Wyoming cave could contain 25,000-year-old lion bones, say scientists

Paleontologists have begun excavating bones from a cave thought to hold the remains of tens of thousands of ancient animals. 

Bureau of Land Management/AP
In an image provided by the Bureau of Land Management, date not known, Bureau of Land Management cave specialist Bryan McKenzie rappels into Natural Trap Cave in north-central Wyoming during a cleanup expedition. The cave holds the remains of tens of thousands of animals, including many now-extinct species, from the late Pleistocene period tens of thousands of years ago. Starting July 28, 2014, scientists plan to venture back into the cave and resume digging for the first time in more than 30 years.

Paleontologists are completing their first excavation in 30 years inside an unusual U.S. cave thought to hold the remains of tens of thousands of ancient animals that fell to their deaths.

Bones they've found in the Wyoming cave could include those of North American lions, short-faced bears and other now-extinct species from 25,000 years ago.

The cave's only entrance is a hole in the ground that's almost impossible to see until you're next to it. Scientists say over millennia, thousands of unwary animals plummeted 80 feet (24 meters) to their deaths. A metal grate now prevents people and animals from falling in.

"They're very excited about the potential for what they've found," Brent Breithaupt, who was among the exclusive group of scientists who recently rappelled down to excavate the floor of Natural TrapCave, said Wednesday.

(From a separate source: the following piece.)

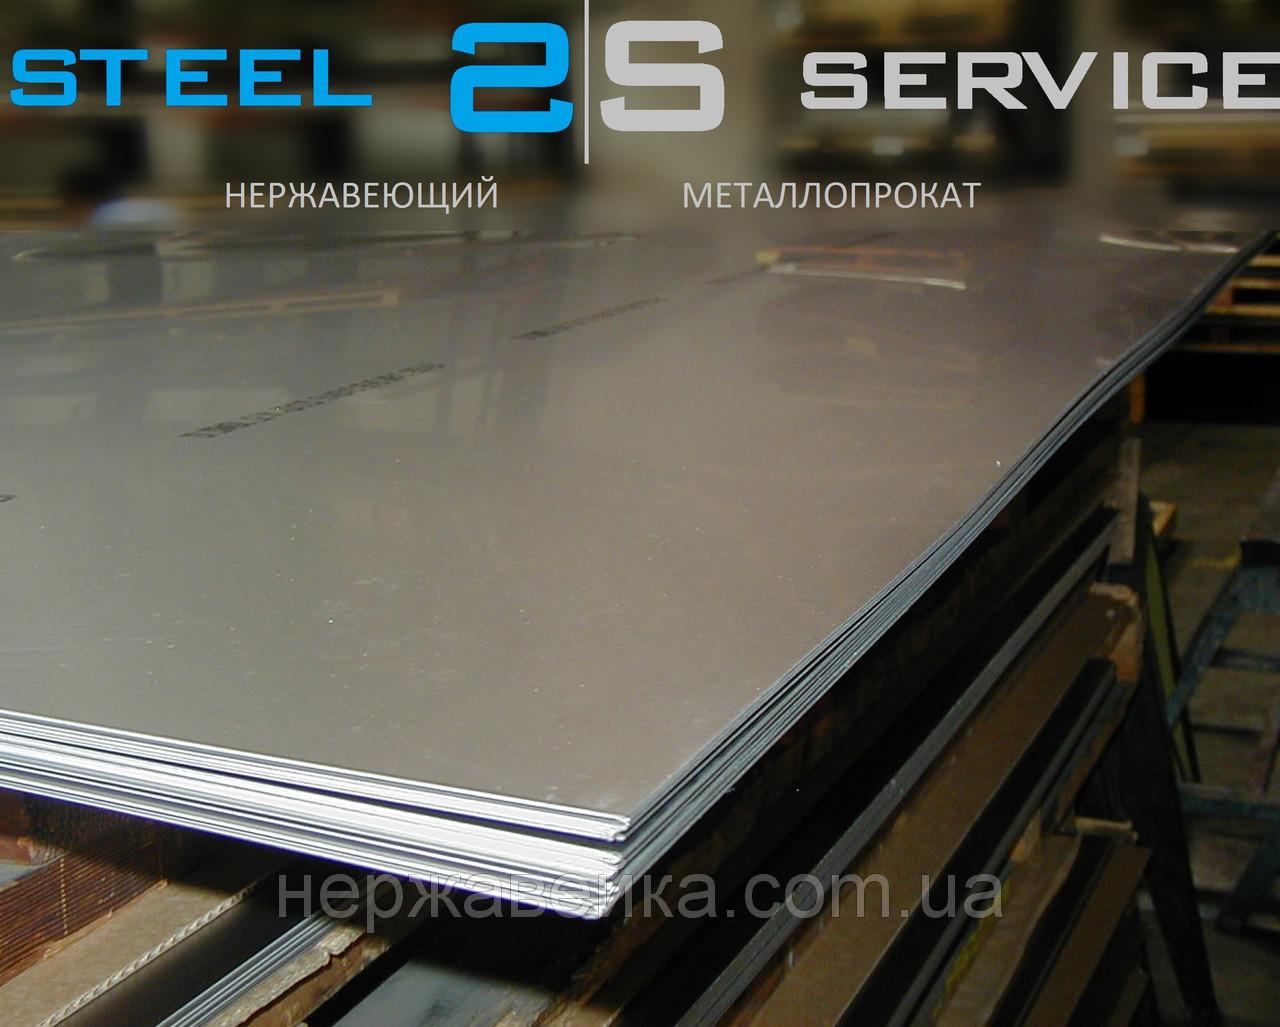 Листовая нержавейка 90х1500х6000мм  AISI 321(08Х18Н10Т) F1 - горячекатанный, пищевой
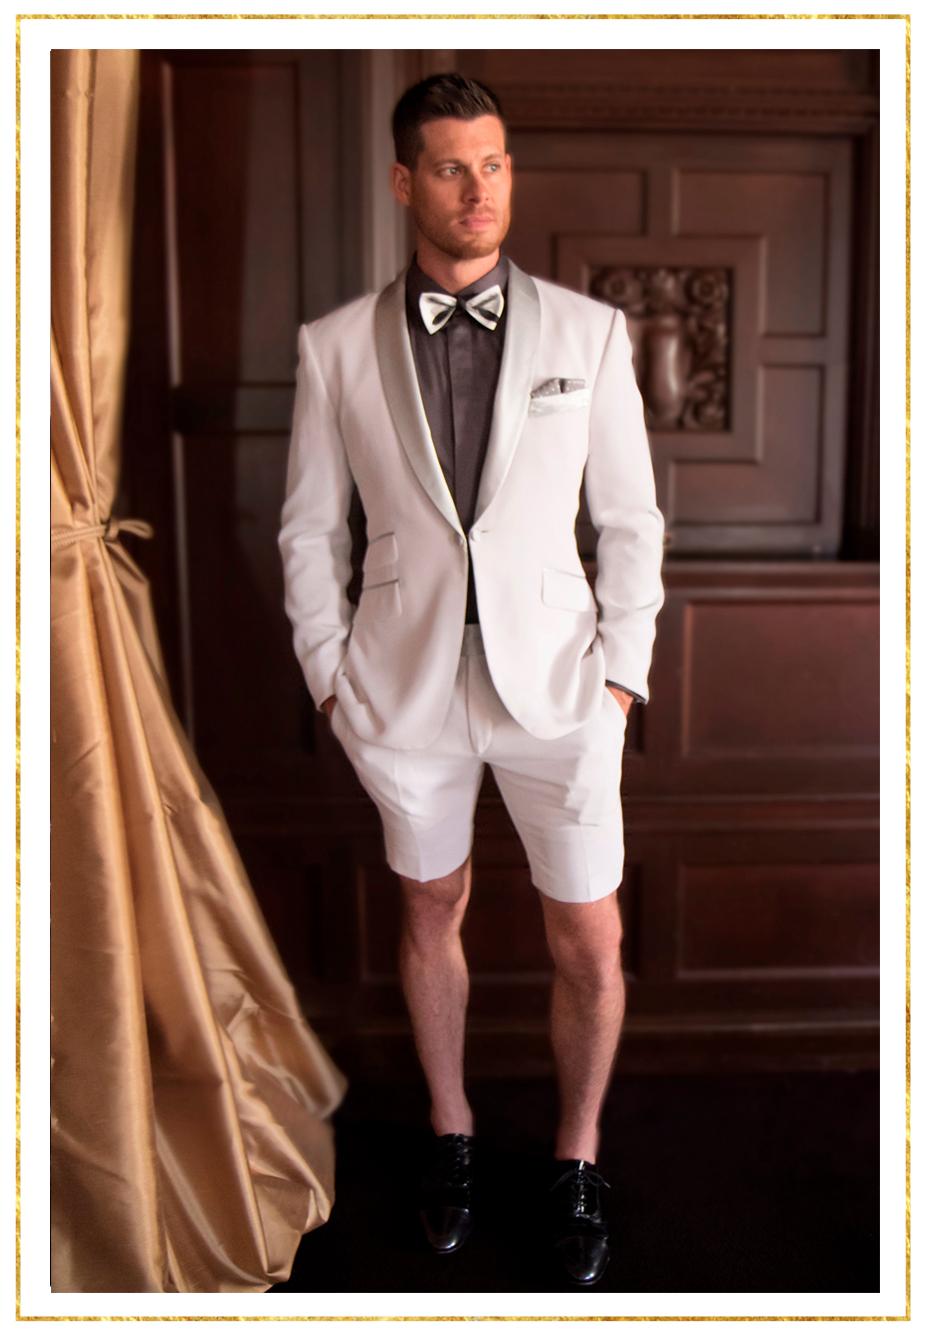 The Marcello Satin Shawl Tuxedo with Short

The bones lie entombed, layer upon layer, in sediment as much as 30 feet deep.

Scientists hope the cave's high humidity and cool temperatures might even preserve genetic material of extinct animals from the days when massive ice sheets last frosted over much of the North American landscape.

The oldest remains could date back 100,000 years, Breithaupt said

Over the past two weeks, bucket after bucket, the experts have been hauling up bones and bone-bearing sediment.

The best items are being shipped to universities in the U.S. and even overseas, to the Australian Centre for Ancient DNA at the University of Adelaide, Breithaupt said.

"It's an incredible site. It definitely is one of the most significant sites that BLM manages and it will provide very, very important information," said Breithaupt, a paleontologist for the U.S. Bureau of Land Management.